(Recorded data Opens)

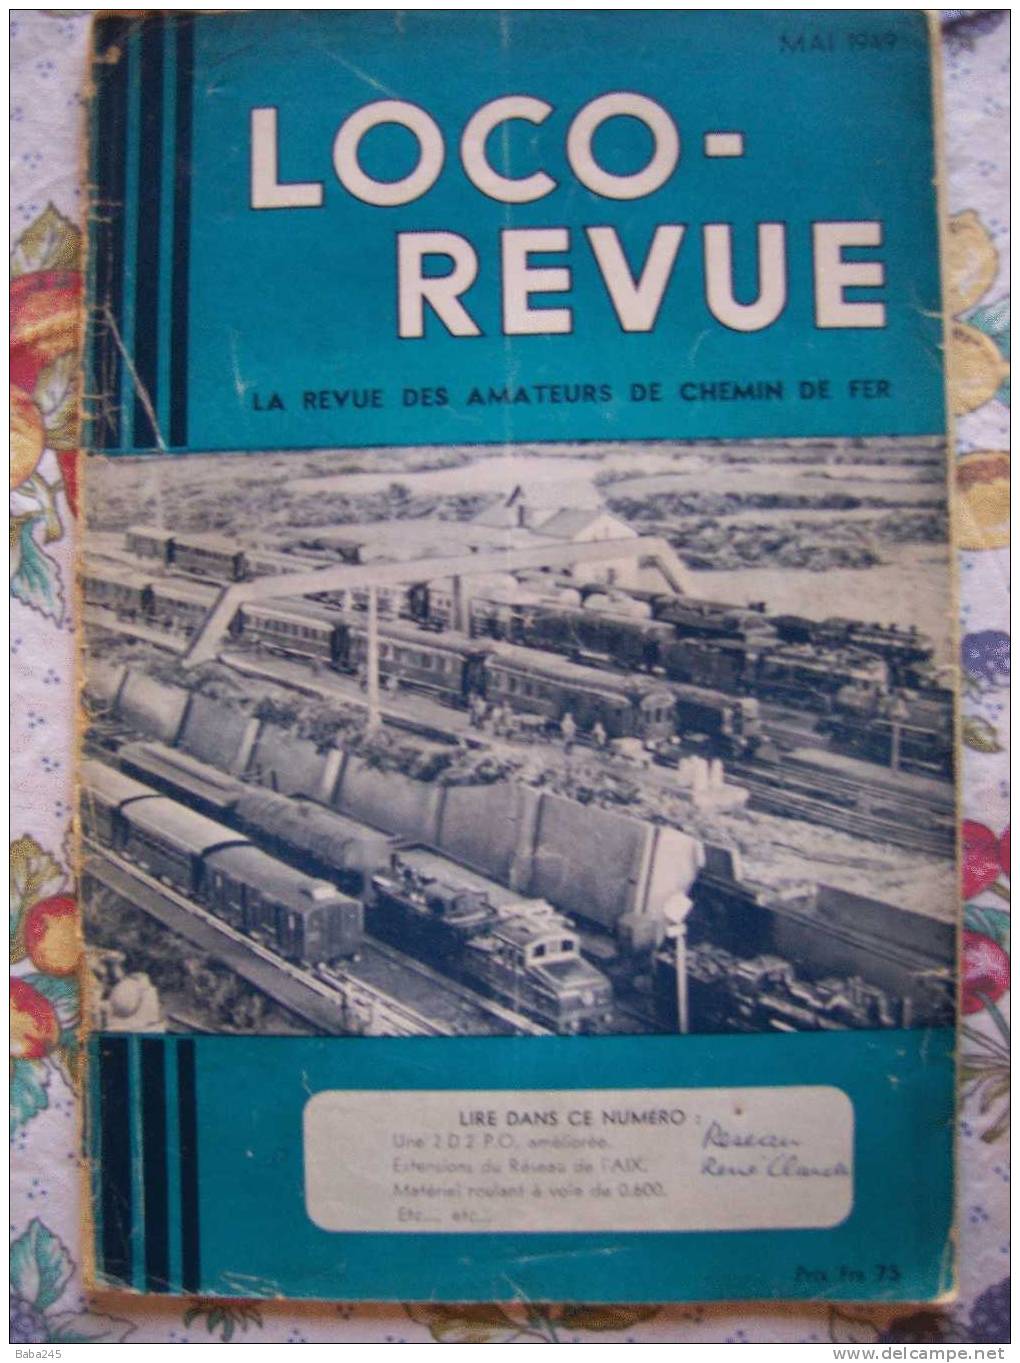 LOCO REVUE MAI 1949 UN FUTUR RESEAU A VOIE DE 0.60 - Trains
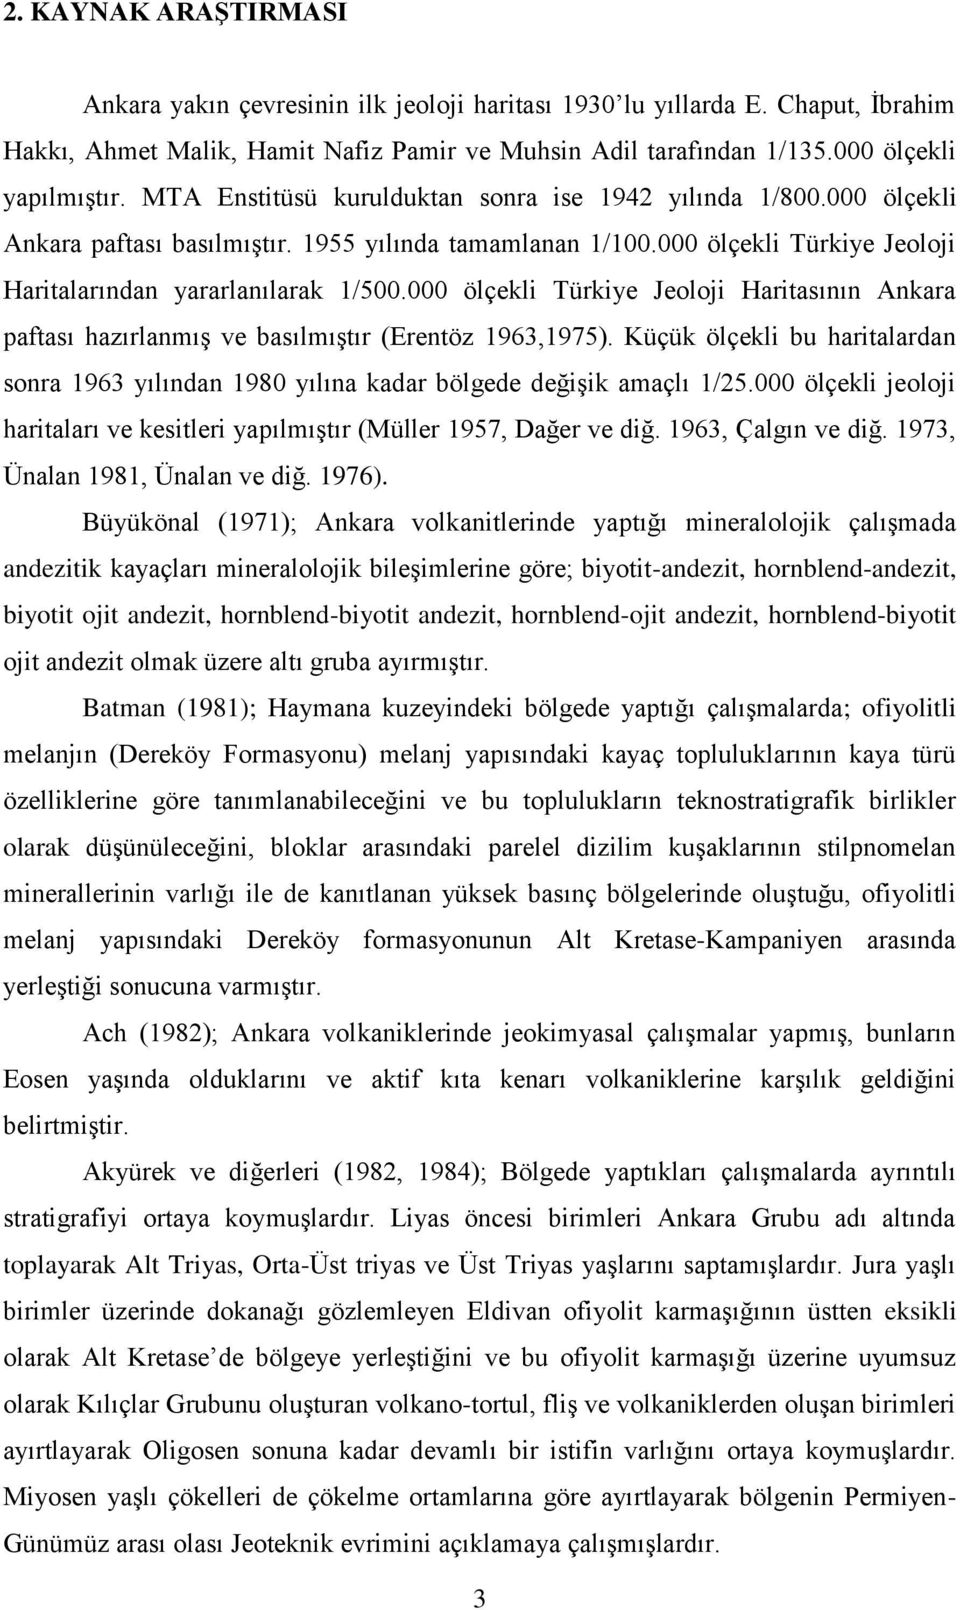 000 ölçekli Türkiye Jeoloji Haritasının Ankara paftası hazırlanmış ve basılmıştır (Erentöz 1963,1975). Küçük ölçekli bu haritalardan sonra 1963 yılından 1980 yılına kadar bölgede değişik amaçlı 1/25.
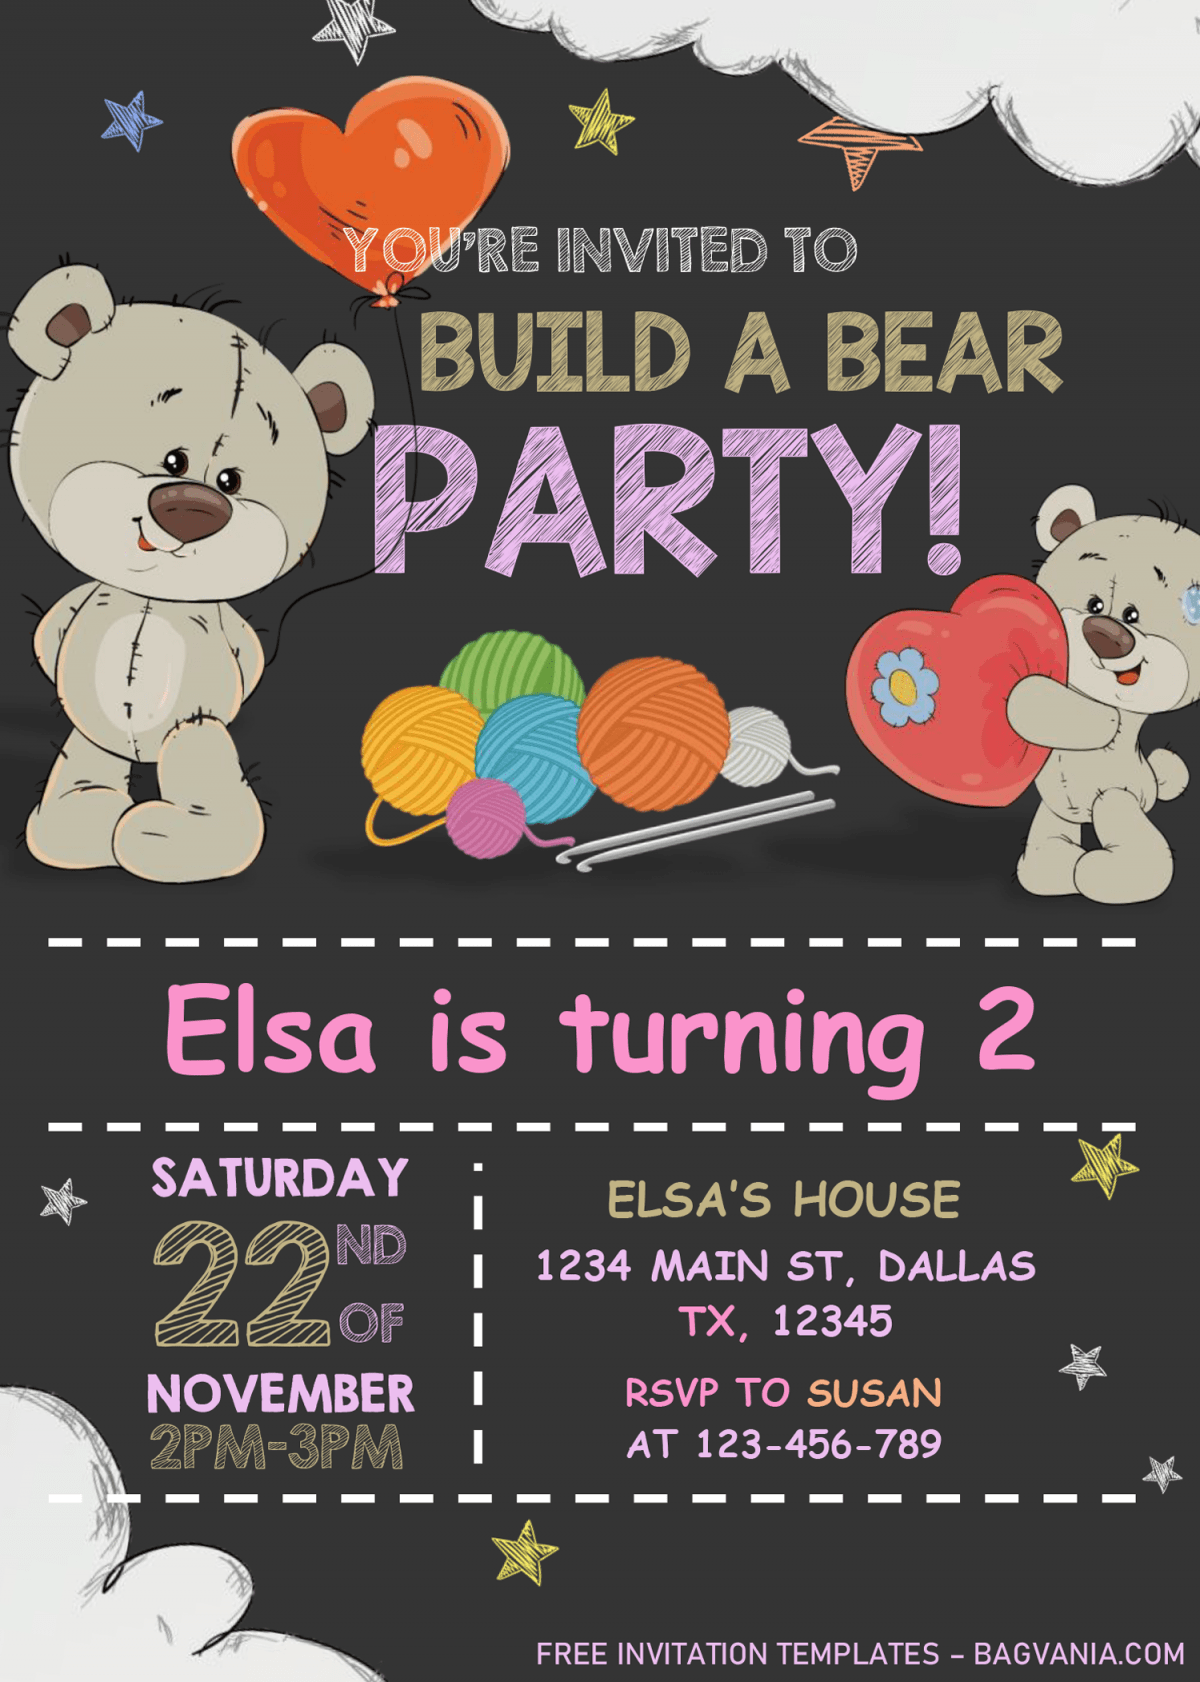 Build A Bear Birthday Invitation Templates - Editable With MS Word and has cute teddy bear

(Recorded data Closes)

» What this task involves:
Restating the data word for word is the task, and pictures are to be omitted.

» Answer area:
 LOCO REVUE MAI 1949 UN FUTUR RESEAU A VOIE DE 0.60 - Trains
 000 ölçekli Türkiye Jeoloji Haritasının Ankara paftası hazırlanmış ve basılmıştır (Erentöz 1963,1975). Küçük ölçekli bu haritalardan sonra 1963 yılından 1980 yılına kadar bölgede değişik amaçlı 1/25.
 Build A Bear Birthday Invitation Templates - Editable With MS Word and has cute teddy bear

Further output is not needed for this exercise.